• **DATA FOR THE TASK**:
--------------------

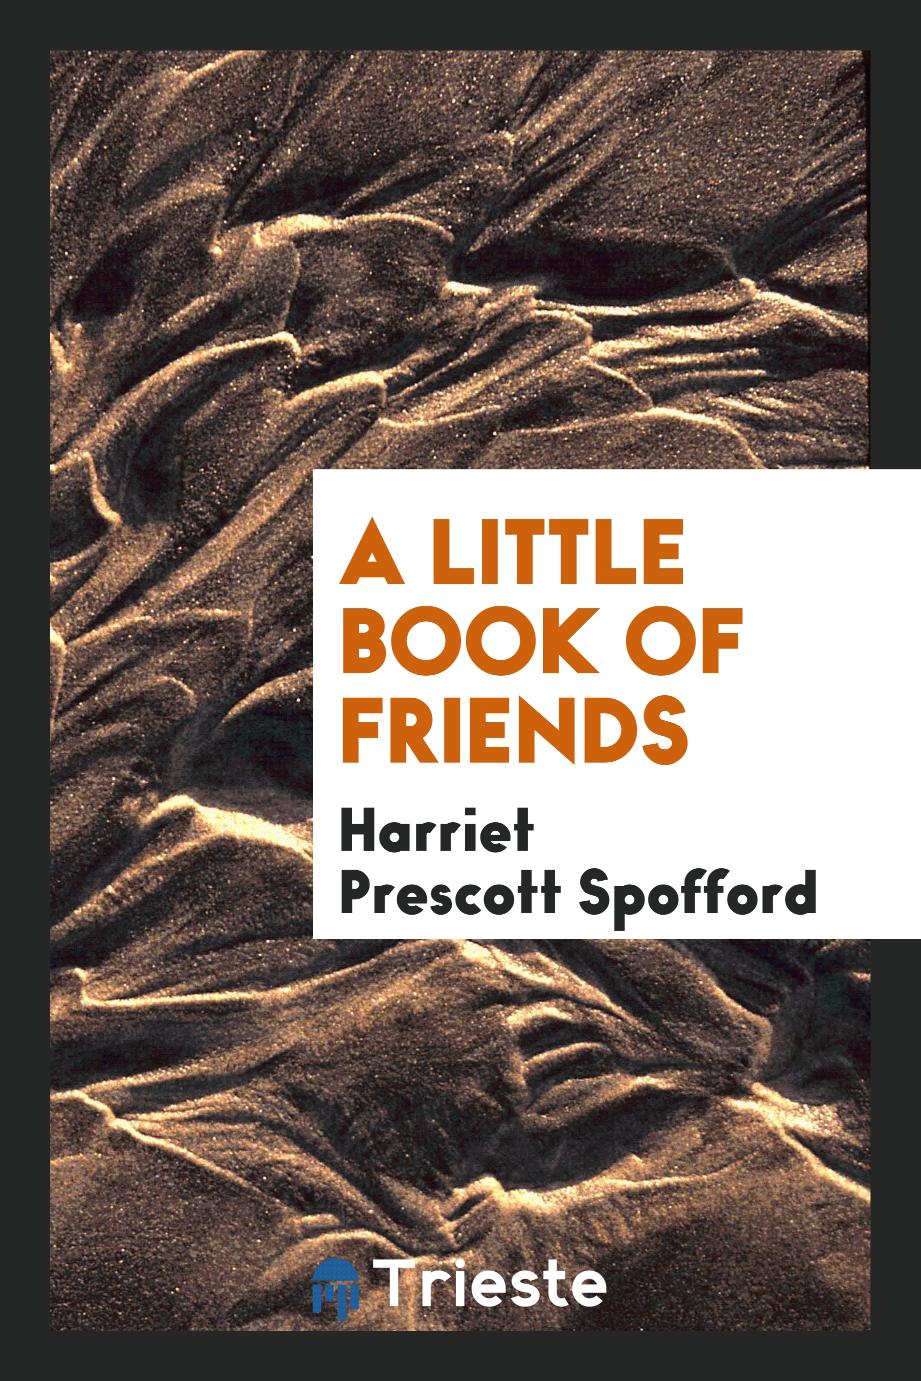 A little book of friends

--------------------

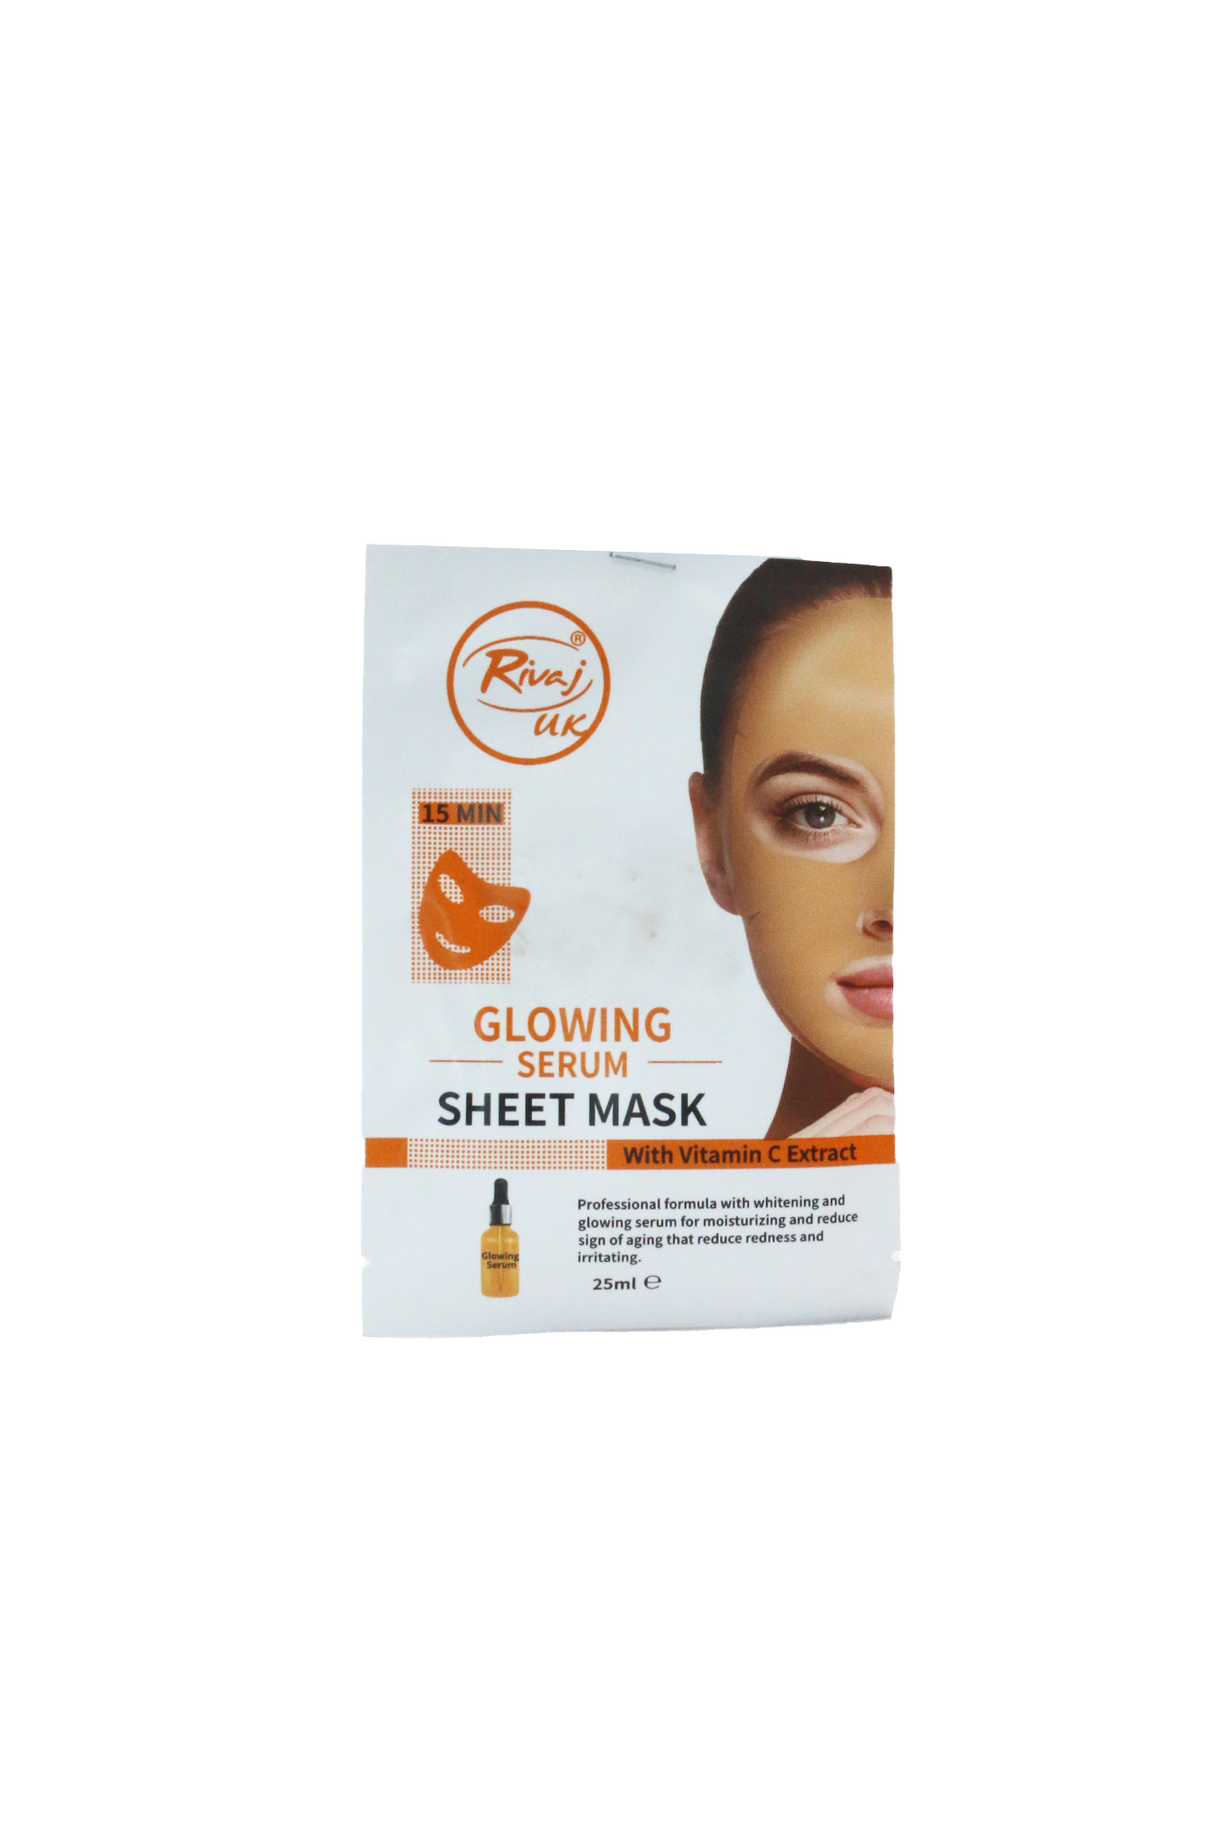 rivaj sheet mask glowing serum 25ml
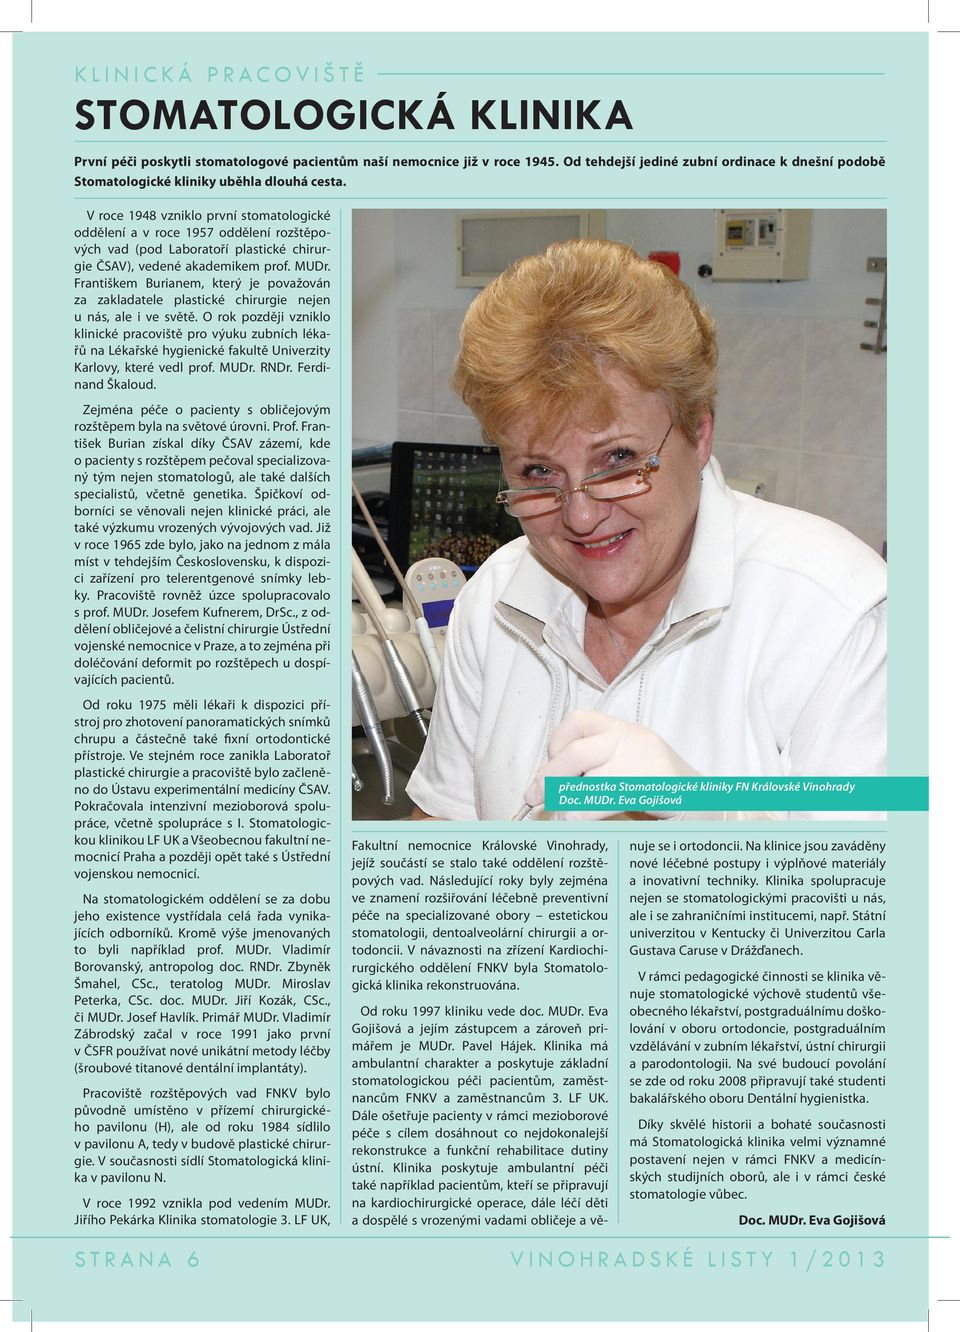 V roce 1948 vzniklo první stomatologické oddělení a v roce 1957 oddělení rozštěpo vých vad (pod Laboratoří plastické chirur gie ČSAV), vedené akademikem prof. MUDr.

--------------------

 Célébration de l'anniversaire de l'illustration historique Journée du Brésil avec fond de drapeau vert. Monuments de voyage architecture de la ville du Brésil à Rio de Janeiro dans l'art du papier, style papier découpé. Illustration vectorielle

--------------------

• **ABOUT THIS TASK**: Among the entries above, take the lines from the one with "rivaj sheet mask glowing serum 25ml" through the one with "V roce 1948" and retype them exactly, leaving out the pictures.

• **OUTPUT FOR THIS TASK**:
 rivaj sheet mask glowing serum 25ml
 V roce 1948 vzniklo první stomatologické oddělení a v roce 1957 oddělení rozštěpo vých vad (pod Laboratoří plastické chirur gie ČSAV), vedené akademikem prof. MUDr.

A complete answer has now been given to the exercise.